# DATA BELOW
※

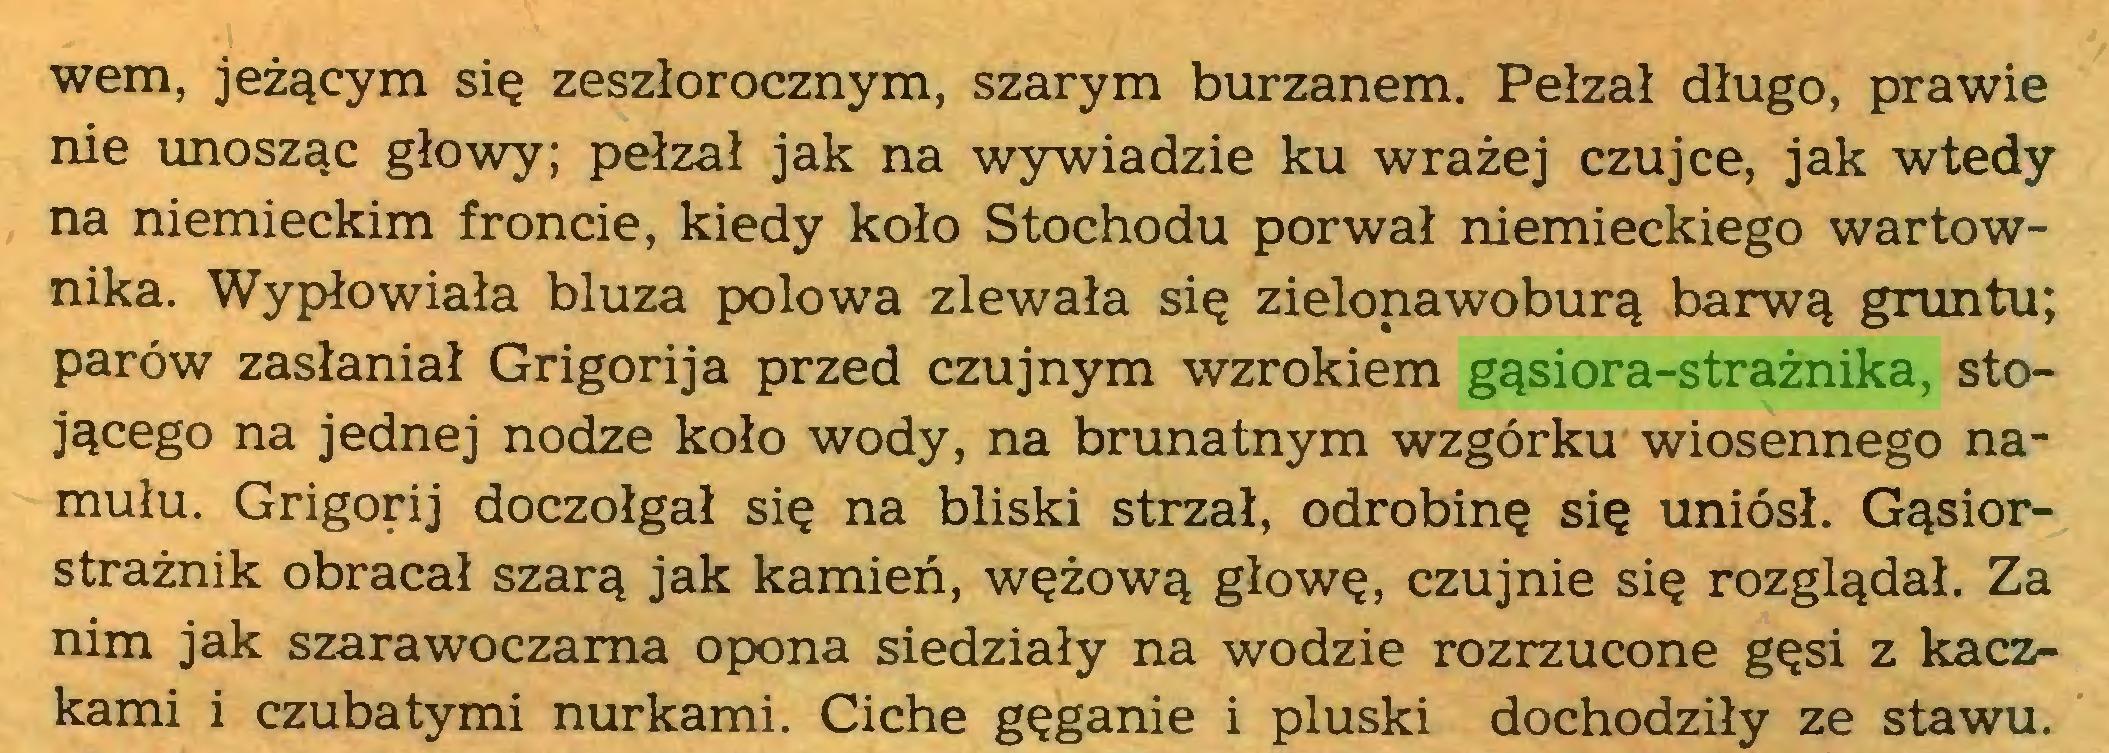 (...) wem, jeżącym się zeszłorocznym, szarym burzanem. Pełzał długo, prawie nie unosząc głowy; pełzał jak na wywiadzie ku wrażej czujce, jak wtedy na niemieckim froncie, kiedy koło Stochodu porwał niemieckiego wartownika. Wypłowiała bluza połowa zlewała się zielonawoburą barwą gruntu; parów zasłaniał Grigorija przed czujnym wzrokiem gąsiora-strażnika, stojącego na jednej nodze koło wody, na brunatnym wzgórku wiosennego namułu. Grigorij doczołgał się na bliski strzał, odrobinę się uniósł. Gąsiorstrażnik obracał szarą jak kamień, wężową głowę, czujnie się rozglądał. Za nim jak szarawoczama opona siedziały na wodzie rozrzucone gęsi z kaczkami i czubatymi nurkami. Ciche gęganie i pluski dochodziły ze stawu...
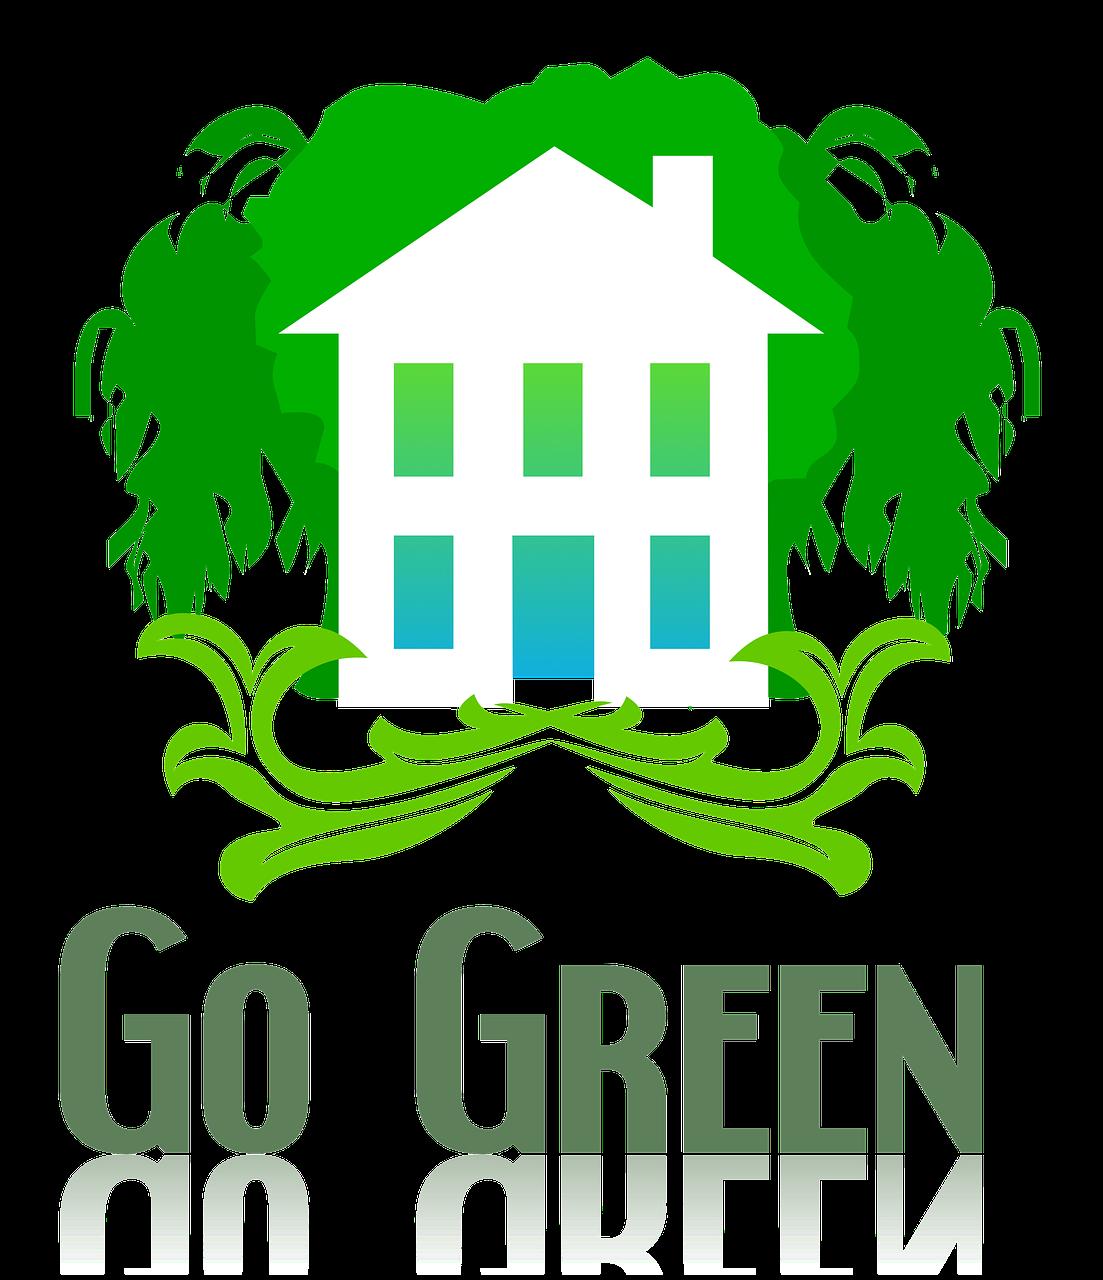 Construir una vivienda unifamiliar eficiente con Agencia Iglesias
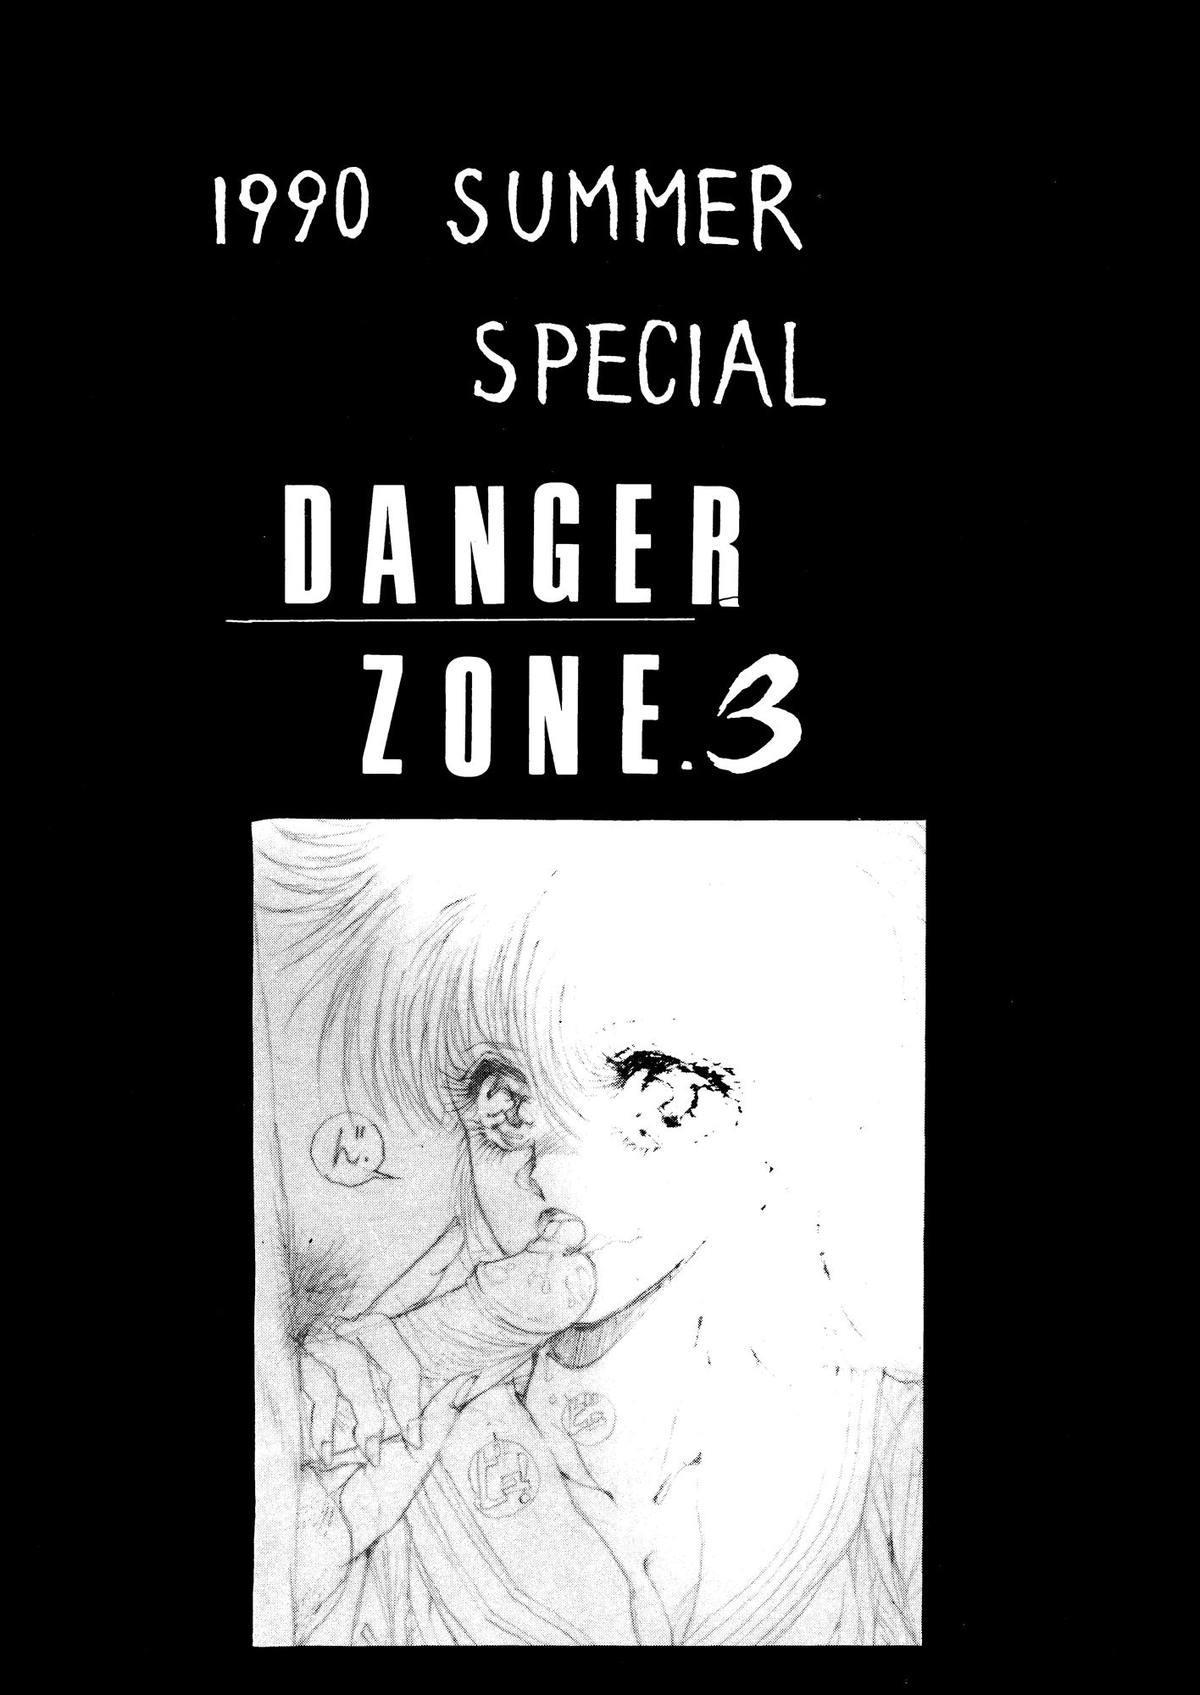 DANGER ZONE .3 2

※

# WHAT THE TASK ASKS
Starting with the line that contains "Construir una vivienda" and ending with the last line of the data above, transcribe exactly those lines and no others, without pictures.

# OUTPUT
 Construir una vivienda unifamiliar eficiente con Agencia Iglesias
 DANGER ZONE .3 2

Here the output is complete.